[Unicode] Use Unicode 9’s `ID_Start` & `ID_Continue` for identifiers #1208

mathiasbynens · 2016-06-28T09:37:28Z

Unicode 8 has 109,830 ID_Start symbols; Unicode 9 has 117,007, i.e. 7,177 more (no removals).
Unicode 8 has 112,352 ID_Continue symbols; Unicode 9 has 119,691, i.e. 7,339 more (no removals).

E.g. these should not throw per Unicode 9:

Function('var \u{1E943}'); // new ID_Start
Function('var _\u{1E959}'); // new ID_Continue

I’ve attached a tarball containing results.js which contains the full list of new ID_Start and ID_Continue symbols in Unicode 9, and the Node.js script used to generate it.

unicode-9-identifiers.tar.gz

See also:

JavaScriptCore: https://bugs.webkit.org/show_bug.cgi?id=159203
SpiderMonkey: https://bugzilla.mozilla.org/show_bug.cgi?id=1282724
V8: https://bugs.chromium.org/p/v8/issues/detail?id=5155

The text was updated successfully, but these errors were encountered:

dilijev · 2016-06-28T21:27:44Z

I'll add that ECMA 2017 has a stipulation for which Unicode Standard version must be supported:

https://tc39.github.io/ecma262/#sec-conformance

A conforming implementation of ECMAScript must interpret source text input in conformance with the Unicode Standard, Version 8.0.0 or later and ISO/IEC 10646.

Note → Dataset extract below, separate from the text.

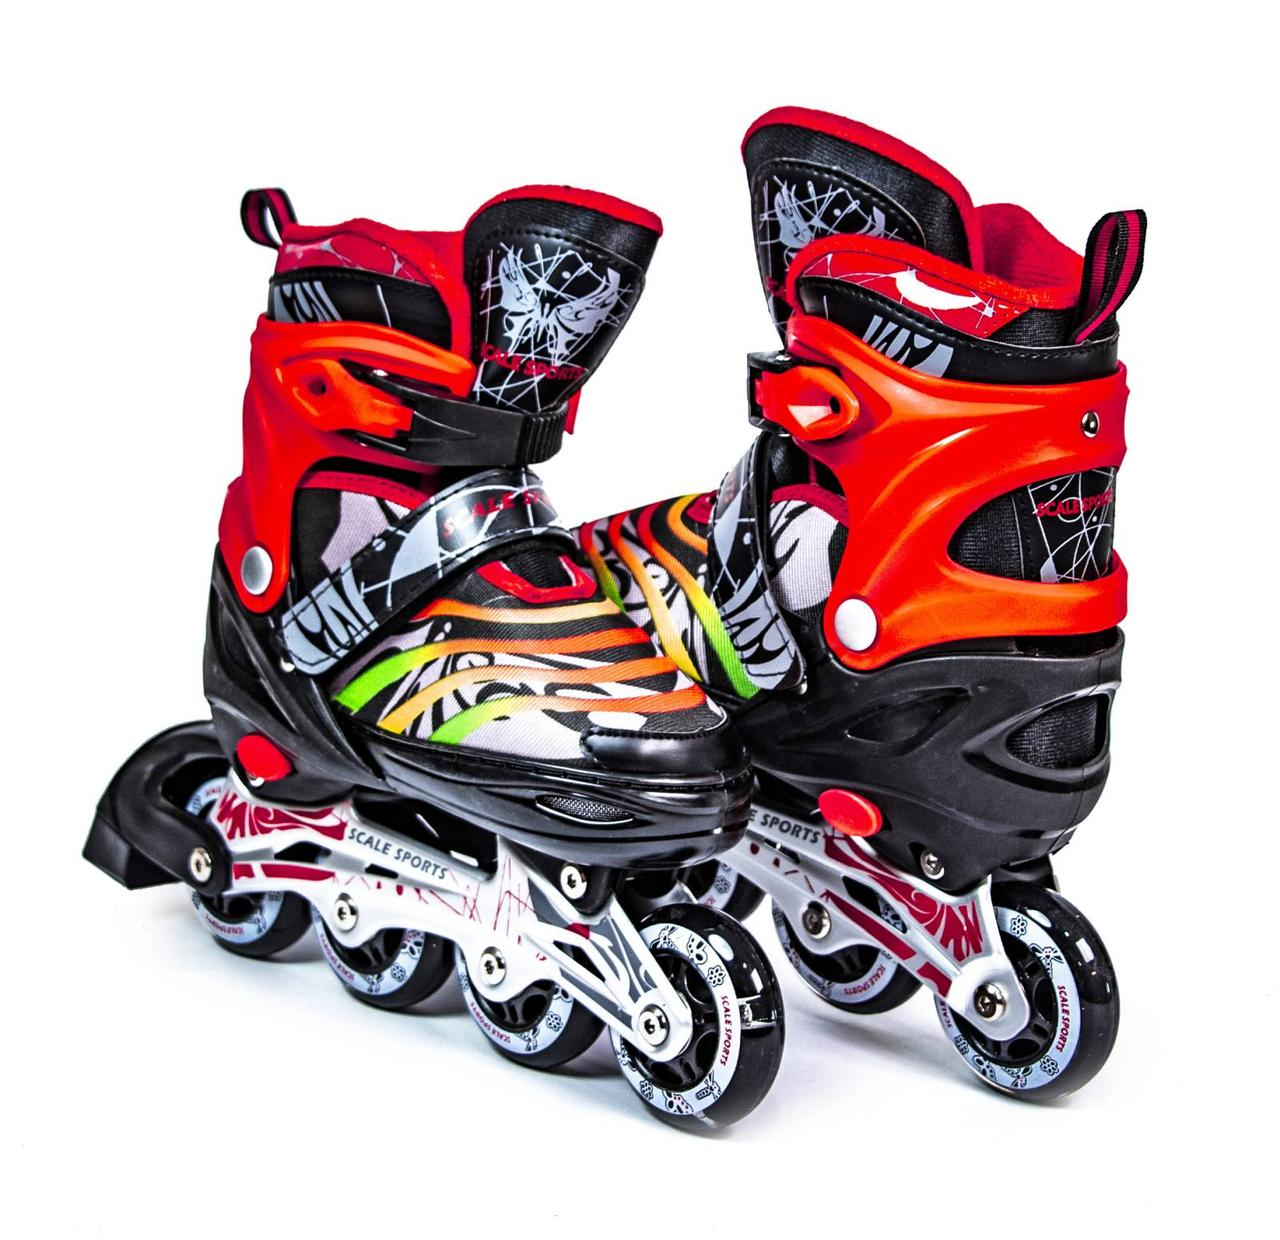 Ролики Scale Sports раздвижные роликовые коньки LF 907M красно-черные, размер 38-41

No reason we couldn't add this but it's not a high priority under the current version of the spec.

@bterlson Does that seem like a fair assessment?

mathiasbynens · 2016-06-29T06:36:34Z

The intent is to use the latest available Unicode version. See tc39/ecma262#620 for some discussion. @bterlson Perhaps it would be clearer to merge that PR now, and then update to refer to the (version-less) latest version in a future PR?

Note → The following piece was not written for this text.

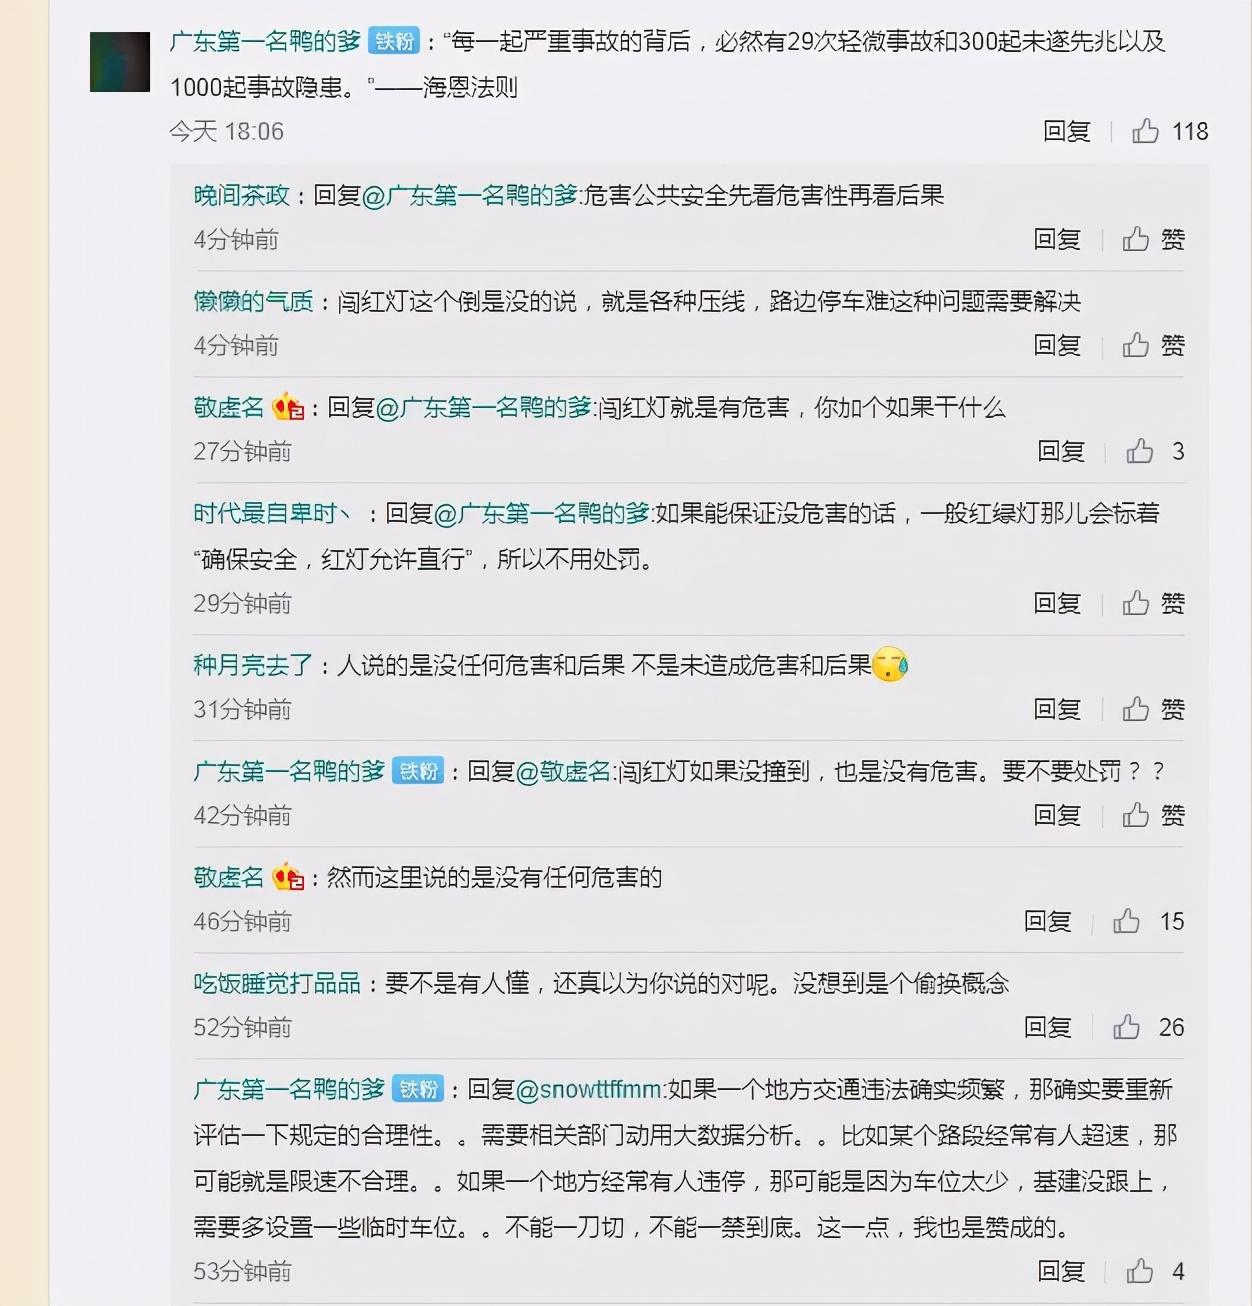 代表建议清理以罚款为目的的电子抓拍,网友在评论区吵起来了

bterlson · 2016-06-29T23:36:21Z

@mathiasbynens It's only a few weeks until we have the final consensus on version-less latest reference :) But I see your point. We should be tracking Unicode 9 at this point.

dilijev · 2016-11-11T18:30:07Z

@bterlson I'm going ahead with this change, but just wanted to follow up about whether consensus was reached?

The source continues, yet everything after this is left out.